It was a hot day in the summer, one of those days that glimmers like a mayfly, only to be trampled under the heels of an unseasonal downpour twenty-four hours later. Eleanor was staring at the parking ticket on the windscreen of her car. (Eleanor is not the most important person in this story, but without her the story could not have happened, and so this is where we begin.) Eleanor’s car was once an exclusive model, but it was too old and run-down to turn any heads now. Even the traffic warden beside Eleanor could see that this was a metaphor.
‘But I’m legally parked,’ said Eleanor. This was not the beginning of the conversation.
‘Residents’ parking until 6 p.m.,’ repeated the traffic warden.
‘But it doesn’t say that,’ said Eleanor.
‘It does,’ said the traffic warden, ‘on that sign, and that one, and that one, and that one, and that one.’
‘But not above this bay,’ said Eleanor.
‘There’s the paint that marks the bay,’ said the traffic warden, ‘and there’s the hole in the pavement where the sign used to be, before some kids kicked it down. You can extrapolate.’
Had the day been less hot, had the parking ticket been more fair, Eleanor might have noticed the traffic warden’s use of the word ‘extrapolate’ and wondered what kind of a person he was. This was the kind of thing that usually interested Eleanor. But not when she was looking down the barrel of a £35 fine (£70 if not paid within fourteen days, which she had no intention of doing).
‘I’m not paying it,’ she said.
‘That’s your prerogative,’ said the traffic warden, and turned to leave.
Eleanor found this unsatisfactory.
‘I’ll report you,’ she said, ‘for overzealous ticketing.’
‘Be my guest,’ said the traffic warden, walking away.

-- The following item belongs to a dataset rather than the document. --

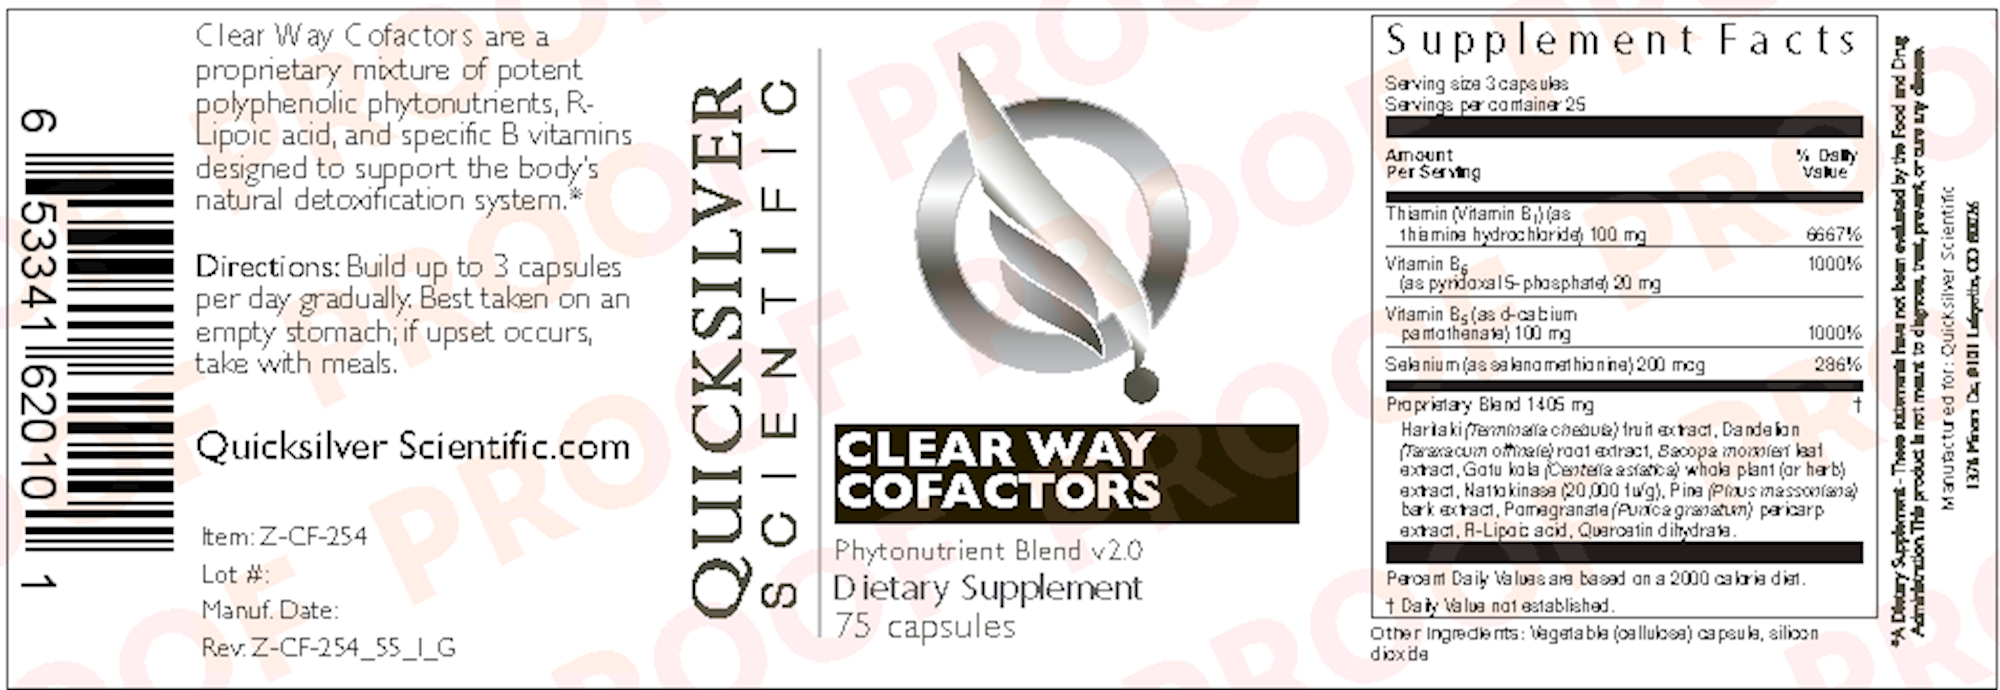 ClearWay Cofactors

‘What’s your badge number?’
The traffic warden ignored her.
‘Hey! What’s your badge number?’
She ran after the traffic warden, feeling heavy and uncomfortable in the wrong clothes for the weather: tweed trousers, a synthetic blouse already patched under the arms with sweat. She grabbed the traffic warden by the elbow.
‘Oi!’ said the traffic warden. ‘Let go!’
But Eleanor refused to let go. There was a brief, undignified tussle, during which the traffic warden’s sleeve was undeniably ripped, and possibly – though Eleanor would deny this – he also received a kick in the right shin.
She’d never find her son now, Eleanor thought later, slumped in the back of the police car. Her children, she corrected herself. She tended to forget about Sally.